From guest columnist Patrick Young http://ableusa.info/
A senior is treated in the emergency room for a fall every 11 seconds. What’s more worrisome, a senior dies from a fall every 19 minutes. While these statistics are scary, there are things you and your family can do to help prevent falls from happening. Ranging from lifestyle changes to home modifications, here are some of the main ways seniors can prevent falls.
Regular exercise helps maintain muscle mass, balance, and flexibility, which, in turn, increases mobility and significantly decreases the risk of falling. There are plenty of exercises you can do at home to help your chances of falling, but fitness classes also come with the benefit of socialization and supervised training.
If you are a Medicare subscriber, you may be eligible for Silver Sneakers, a program that provides access to 13,000 fitness centers across the country. Many Medicare Advantage plans, including those by Humana, offer this perk. If your plan doesn’t cover this, you could consider switching to one that does during the next enrollment period.
Many seniors have a tendency to let their stuff accumulate as time goes by, which often results in a borderline hoarding situation. This is not only unpleasant, but it is also potentially deadly.
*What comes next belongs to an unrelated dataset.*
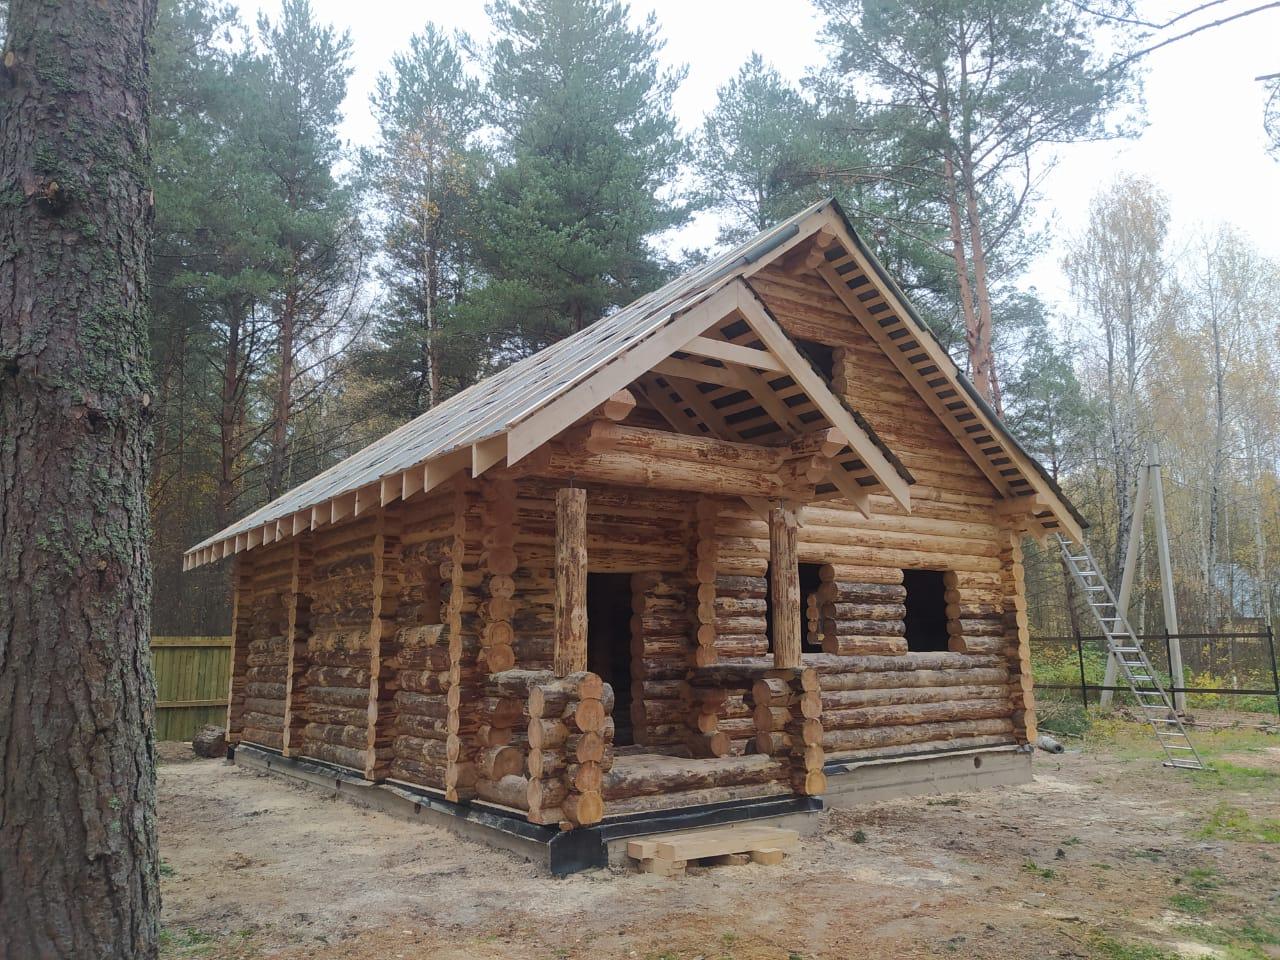 Фото: Бревенчатый дом ручной рубки в Тверской области, г. Кимры

Clutter greatly increases the risk of tripping over something, so a big decluttering session is a matter of health as well as aesthetics. Even better, a more minimalist home is also a healthier environment for your lungs and your mental health.
It may not seem like it, but the bathroom is the most dangerous room in the house, as water, soap, and smooth porcelain make for a huge slipping hazard. One of the easiest ways to counter this is to install grab bars next to the bathtub, shower, and toilet. A plastic non-slip mat on the bathtub or shower floor can also be a big help.
This is an obvious one, but it’s still worth mentioning. Certain floors are more prone to cause a slip or trip than others, so it’s a good idea to take stock of the flooring in the house. The Spruce recommends softer materials that will somewhat cushion a fall if it does happen, and in particular warns against tile, which is hard, potentially slippery, and easy to trip over.
You should also watch out for rugs on hard floors, which can easily slip or bunch up. Use double-sided carpet tape to keep them in place. Also, any elevated transitions between rooms should be flattened to reduce the odds of tripping.
Poor lighting is a huge fall hazard since it increases the risk of tripping over unobserved objects. Luckily, it is also one of the easiest to remedy. Simply make sure that all areas of the house have adequate lighting at all times of day, with particular focus on heavy-traffic areas like hallways. Note that adequate doesn’t necessarily mean bright — you want even, consistent, preferably indirect light, rather than anything with a strong glare.
The link between nutrition and falls may not be obvious, but it is very much there. A lack of appropriate nutrients can make falls more likely by reducing strength and balance, and they can also make a fall more dangerous by making bones more fragile. Furthermore, a lack of Vitamin D has been directly linked to increased fall risk, and a lack of vitamins that help eyesight can cause similar problems when faced with poor lighting.
Making sure seniors are consuming a balanced and nutritious diet, maintaining a healthy body weight, and taking any necessary vitamin supplements will further protect them from falls.
Prevention is easy and pain-free — treating a fall is not. The above steps have the potential to not only make a senior’s life safer and more comfortable but to outright save it. The best part is that many of them also come with additional mental and physical health benefits, further improving a senior’s quality of life.